As mentioned above, we see a steady rise of MySQL 5.1-based CiviCRM installs, and I think the majority of shared hosting vendors will catch up over time. (Also, it’s not like CiviCRM 3.x will *require* this privilege; if we can’t use triggers, the undelete/logging will be simply turned off.)
If every logged object has a start_date, wouldn't that enable you to find the state of a contact at a particular point in time by:
(a) determining if the object's start_date is before relevant point in time - if yes, the current values are the right ones for that point in time; and
(b) if no, looking through the log table for that object where the start_date is before the relevant point in time and the log_date is after - that record will have the right values for that point in time.
There’s no need for a separate start_date (and I can’t envision how you’d implement it, given that (a) you don’t want to refer to the log table’s contents in the trigger and (b) the start of the log table can be truncated at will to save space); all this can be done based solely on the log_date and the log_action column.
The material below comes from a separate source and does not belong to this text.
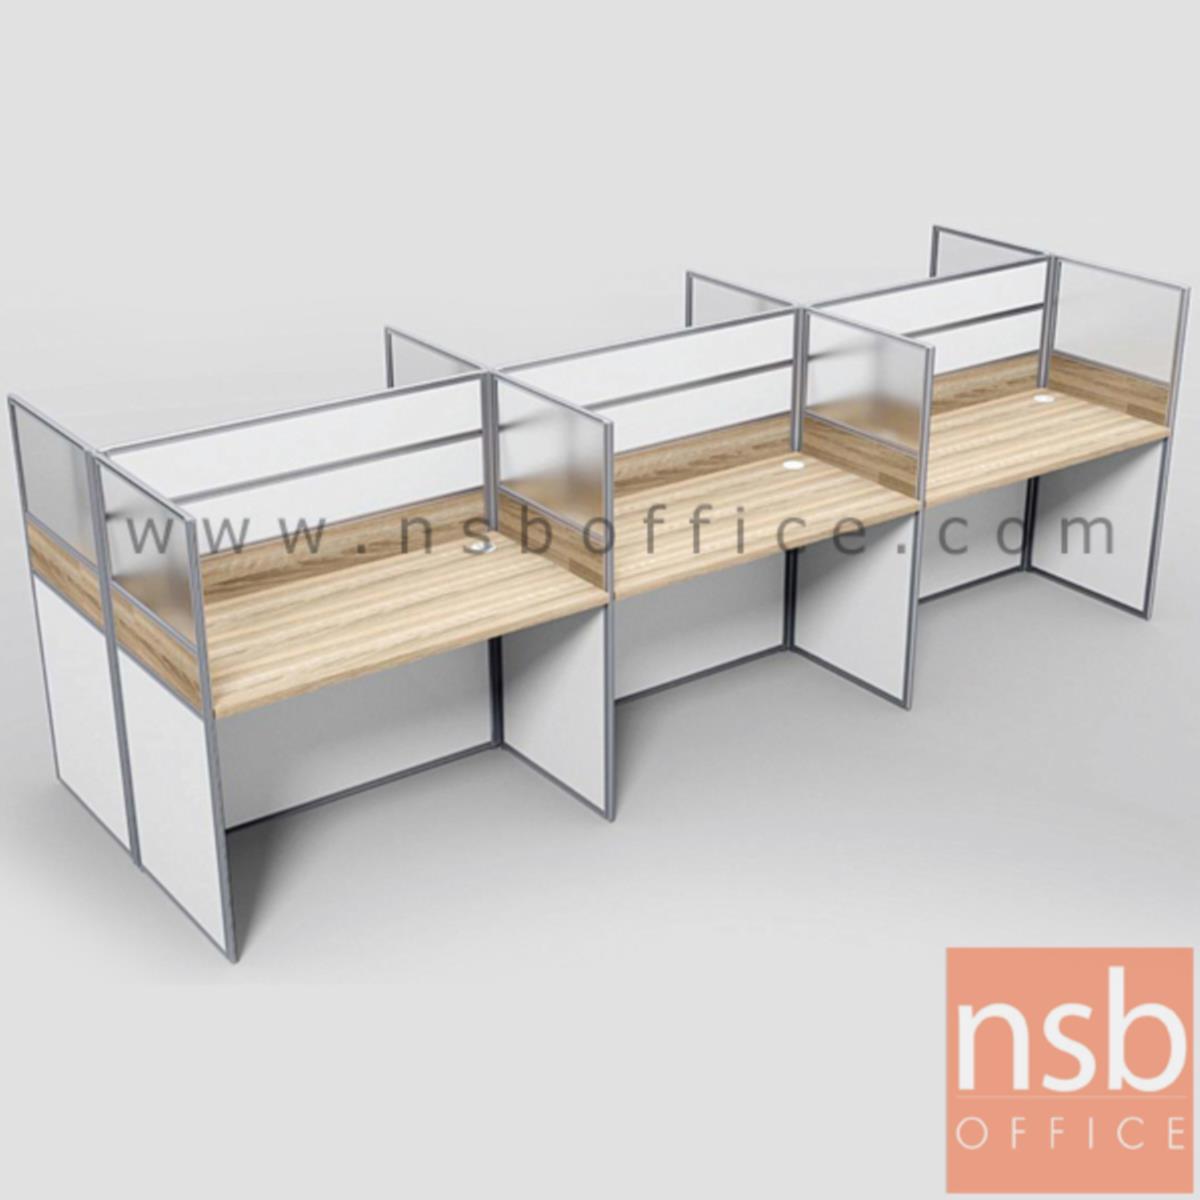 A04A195:ชุดโต๊ะทำงานกลุ่มหน้าตรง 6 ที่นั่ง รุ่น Barcadi 10 (บาร์คาดี้ 10) ขนาดรวม 368W ,458W cm. มีและไม่มีตู้แขวนเอกสาร

What I meant is that it’s not *trivial* to fetch cross-table dependencies, because for every joined table you need to analyse both log_time and log_action. Still, this is preferable to storing ‘validity window’ start+end dates for rows in the main database.
I support option (a) for the undelete flag, with one modification that will be a step towards full logging support without adding hurdles getting the basics in to 3.2
Proposal:
Instead of having an is_deleted column, use an integer column called "setID". SetID stores the following values:
- If record is added, setID defaults to 0
- if a record is updated, create a copy first and assign setID to the primary key of original record. Then update the original row
- If record is deleted assign setID = -1
example (omitting the modifiedBy/timestamp columns for clarity)
id, name, setID
1 David -1
2 dave 1
3 david 1
4 David 1
This indicates that a record was edited 4 times. First time it was added the name was "dave", then changed to "david", then to "David", then deleted.
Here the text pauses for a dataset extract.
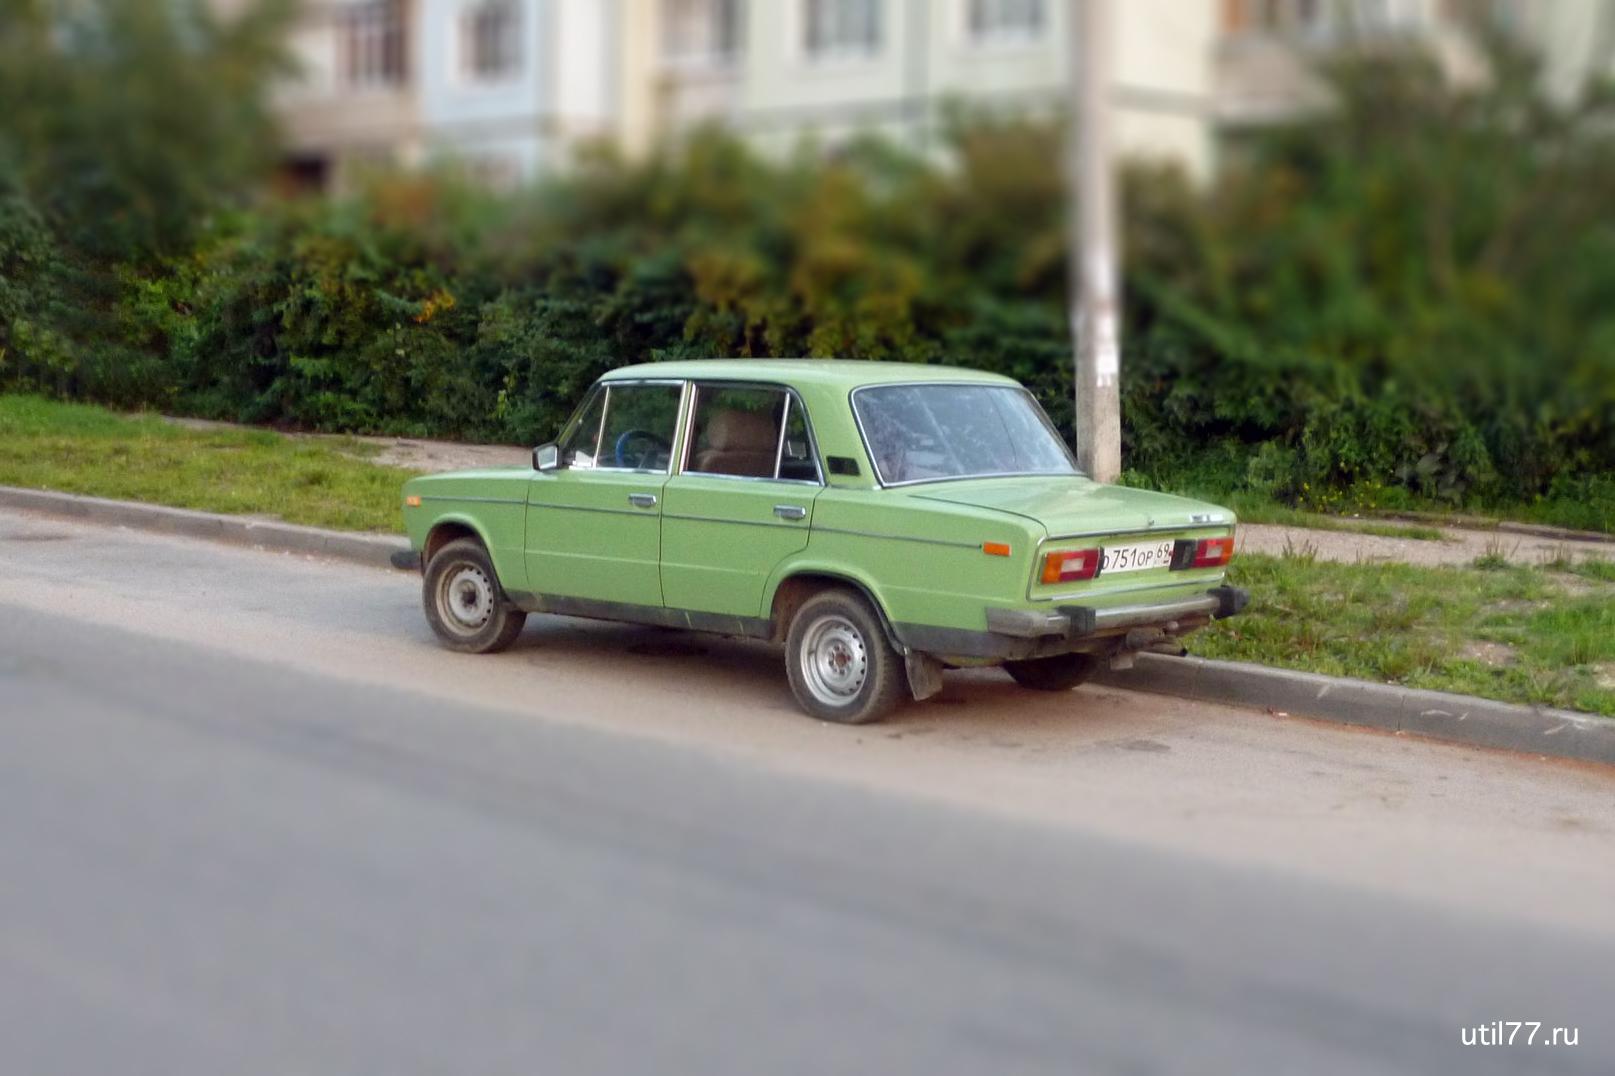 Автомобиль ВАЗ 2106 а утилизацию

As with the is_deleted flag, returning the HEAD version is simple: WHERE setID=0. If the record is deleted it will not show up.
If we require to undelete, simply look for setID=-1 and set it back to 0.
Notes:
- a little counterintuitive is that the HEAD row has an id that is always less than all of it's revisions. But that's not too hard to get used to, especially since this only concerns logging.
- this scheme assumes that all objects requiring logging have integer primary keys. If not, a CHAR key could be used. VARCHAR is no good for performance reasons.
- Timestamp has to have higher resolution (per millisecond or better) or we'll get in to trouble running scripts that may update the same records at the same time. In mysql long is the only option.
If time is of the essence for 3.2, we don't need to concern ourselves with storing the log row. What we do accomplish is having the right column type, and introducing the idea of a HEAD revision in all of our views/queries and the scheme will be ready for logging.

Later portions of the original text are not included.